The concept of Biodiversify relies on the evidence-based notion that highly diversified cropping and farming systems are more efficient in the use of available abiotic resources than current simplified systems (Duru et al., 2015). At the cropping system level, rotating diverse crops, introducing multi-service cover crops, and mixing species enhances functional complementarity, beneficial biological interactions, and synergies between plant species and genotypes within the agroecosystem, both in time and in-field space. Exploiting the symbiotic fixation of air N2 as a major N source is a challenge because grain legumes have a reputation of low and unstable yields related to several factors, such as intolerance to water stress, harvest difficulties because of lodging, diseases, and weeds. Using legumes in association with other species is likely to alleviate these problems. Moreover, the project will study and develop the use of neglected and underutilized species, that can enter rotations (making them longer and more diverse), or be part of new crop mixtures, or species able to provide regulation services for controlling weeds, pests and diseases (e.g. Brassicaceae), to be used in species mixtures or cover crops for biofumigation to suppress soil pathogens (Couëdel et al., 2018; 2019).

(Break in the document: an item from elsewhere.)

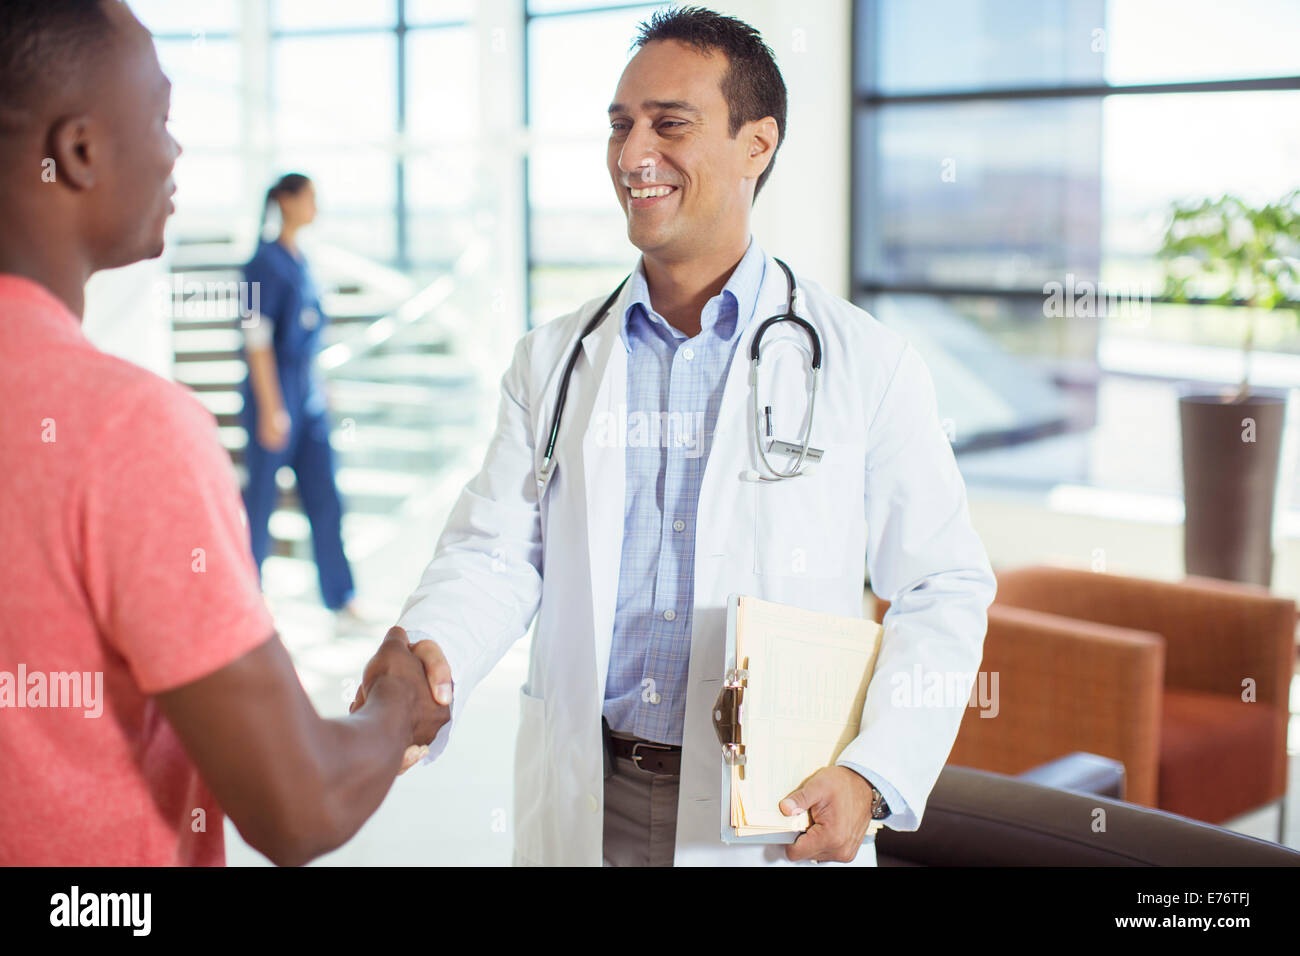 Doctor and patient shaking hands in hospital Stock Photo

To address the challenges of production in the Mediterranean area, and as a proof of concept, Biodiversify will favour species diversity over time (in rotation and during fallow periods) and space (intercropping and agroforestry) to enhance resource use efficiency (especially water and nutrients), increase resilience to abiotic stresses such as drought, and control of weeds, pests and diseases without the use of pesticides. The project will evaluate the effectiveness of high level of species and cultivars/landraces diversification to improve the production of grains for human consumption (durum/bread wheat, chickpea, lentil, etc.), and also for forage (grass/legume swards), both for on-farm self-consumption and for market use.

Thus, Biodiversify will analyse four steps in a gradient of biodiversity: i) a wider range of species used in crop rotations, ii) multi-services cover crops sown in fallow period in arable rotations or in alleys of perennial crops, iii) species mixtures in arable intercrops, and iv) agroforestry systems, providing a biodiverse agricultural framework.

concept

This ecological intensification based on high species diversification (HSD) will then provide ecosystem services, such as 1) supporting soil fertility, input substitution, increased resource availability, 2) provisioning yield (food, feed, bioenergy) and product quality (protein, non-saturated fatty acids, nutritional composition, diet diversification, etc.), 3) controlling weeds, pests and diseases, and 4) regulating water, soil and air quality, and 5) supporting habitats and biodiversity conservation (Zhang et al., 2010). Reduced external use of inputs and improved efficiency of the use of natural resources and external inputs will result in improved biotic interactions between organisms, decreased pollution of agroecosystems (water, soil and air), and reduced consumption of non-renewable resources. Thus, the Biodiversify concept is based on HSD to conserve natural resources and improve yield stability. One of the pillars of species diversity is the re-introducion of legumes, allowing the use of natural N2. Indeed, legumes are known to provide multiple ecosystem services (Voisin et al., 2014). However, legumes are sensitive to water deficit; hence they must be selected for Mediterranean conditions. Moreover, the use of other species such as crucifers will allow favouring biotic regulations for the natural control of pests, diseases and weeds. We assume that high diversity is associated with a high adaptive capacity to climate variability and socio-economic changes, but also with more complexity for the farm management including higher labor needs (Power, 2010; Biggs et al., 2012).